I did and it was great


----------



## Luther (Oct 31, 2007)

Duh of course. I sub out sidewalk work to others and also work as a sub for other contractors doing sidewalk work. There's a market there.


----------



## EWSplow (Dec 4, 2012)

I always sub out my sidewalk work. 
Nothing is by th SF.
Figure out how much time per property and what you need to make per hour. Salting only takes a few minutes, but you have travel time, handling, etc, so get enough to cover that too.


----------



## BossPlow2010 (Sep 29, 2010)

m_ice said:


> X2


+1


----------



## leigh (Jan 2, 2009)

In a heartbeat, biggest worry(massive anxiety) is getting walks done, and I'm a very small operation.


----------



## GMC Driver (Sep 9, 2005)

leigh said:


> biggest worry(massive anxiety) is getting walks done


Yes. And yes to subbing them out - already have some in place.

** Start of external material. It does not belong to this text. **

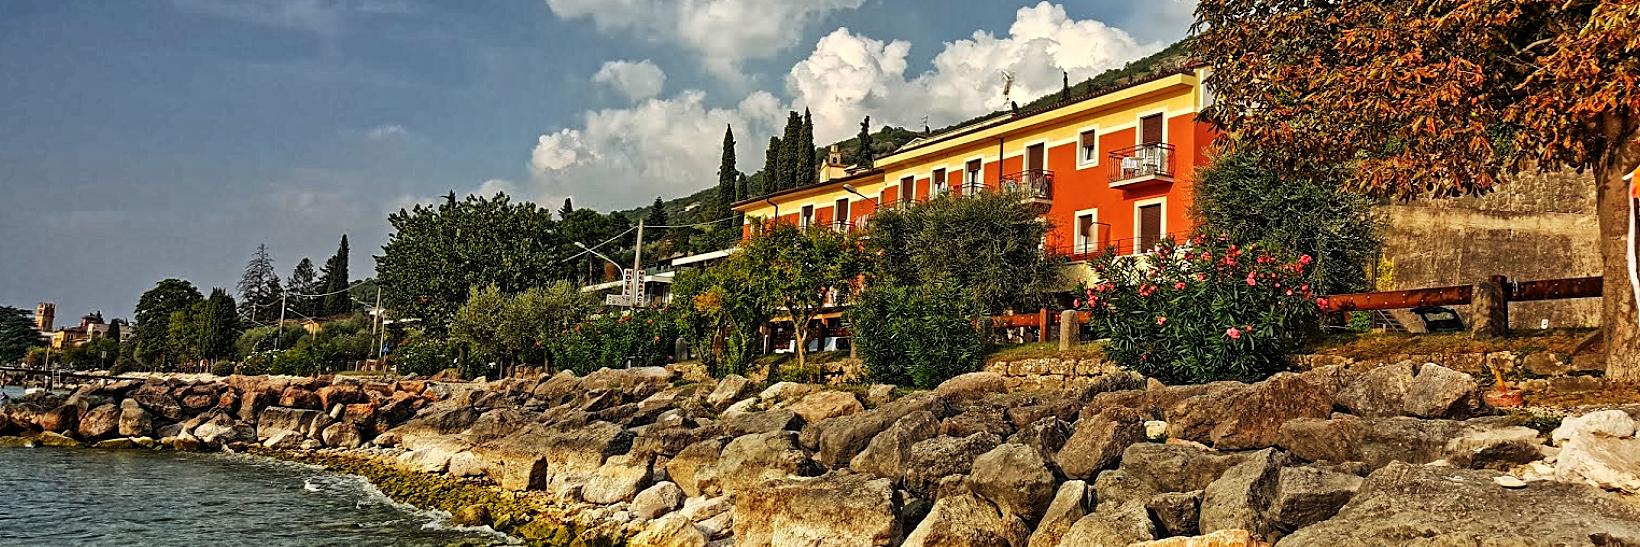 hotel-ristorante-menapace-torri-del-benaco-01.png

They ought to be paid well, because remember I can't find the help and I can't do it all alone. We have some on hourly, biggest ones are on a flat rate. They get dispatched for 2", on larger snowfalls they will get multiple dispatches.


----------



## Chineau (Aug 24, 2010)

sidewalks=wet-boots......no get in the loader and plow!


----------



## leigh (Jan 2, 2009)

Luther said:


> Duh of course. I sub out sidewalk work to others and also work as a sub for other contractors doing sidewalk work. There's a market there.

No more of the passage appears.